Les Mirabeau ne sont plus nécessaires, donc ils ne sont plus possibles.

La providence ne crée pas des hommes pareils quand ils sont inutiles. Elle ne jette pas de cette graine-là au vent.

Et en effet, à quoi pourrait servir maintenant un Mirabeau ? Un Mirabeau, c’est une foudre. Qu’y a-t-il à foudroyer ? Où sont dans la région politique les objets trop haut placés qui attirent le tonnerre ? Nous ne sommes plus comme en 1789, où il y avait dans l’ordre social tant de choses disproportionnées.

Aujourd’hui le sol est à peu près nivelé ; tout est plan, ras, uni. Un orage comme Mirabeau qui passerait sur nous ne trouverait pas un seul sommet où s’accrocher.

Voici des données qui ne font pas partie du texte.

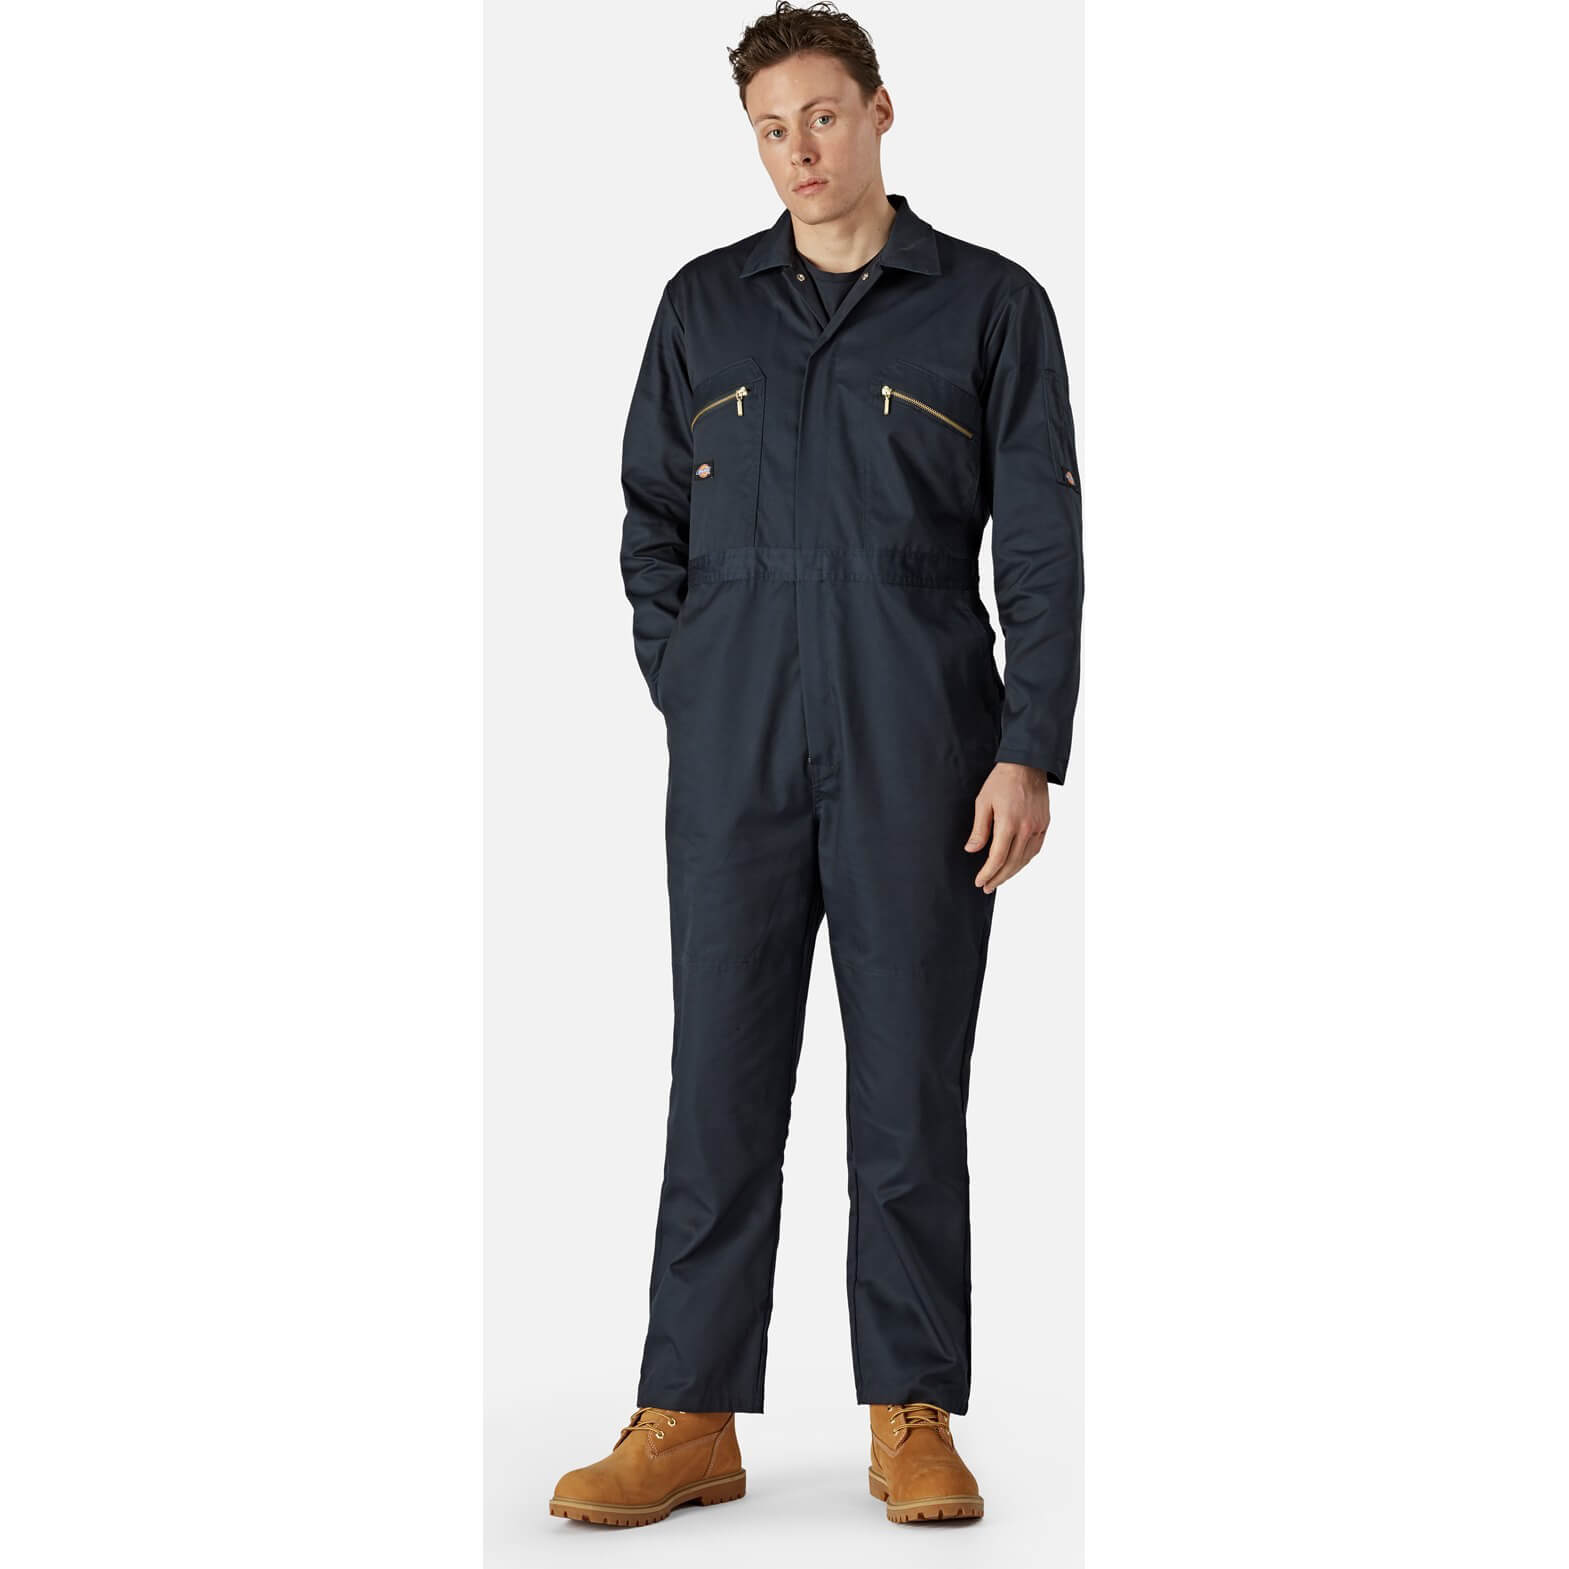 Image of Dickies Redhawk Coverall Overall Navy Blue 2XL

Ce n’est pas à dire, parce que nous n’aurons plus besoin d’un Mirabeau, que nous n’ayons plus besoin de grands hommes. Bien au contraire. Il y a certes beau- coup à travailler encore. Tout est défait, rien n’est refait.

Dans les moments comme celui où nous sommes, le parti de l’avenir se divise en deux classes, les hommes de révolution, les hommes de progrès. Ce sont les hommes de révolution qui déchirent la vieille terre politique, creusent le sillon, jettent la semence ; mais leur temps est court. Aux hommes de progrès appar- tiennent la lente et laborieuse culture des principes, l’étude des saisons propices à la greffe de telle ou telle idée, le travail au jour le jour, l’arrosement de la jeune plante, l’engrais du sol, la récolte pour tous. Ils vont courbés et patients, sous le soleil ou sous la pluie, dans le champ public, épierrant cette terre couverte de ruines, extirpant les chicots du passé qui accrochent encore çà et là, déracinant les souches mortes des anciens régimes, sarclant les abus, cette mauvaise herbe qui pousse si vite dans toutes les lacunes de la loi. Il leur faut bon oeil, bon pied, bonne main. Dignes et consciencieux travailleurs, souvent bien mal payés !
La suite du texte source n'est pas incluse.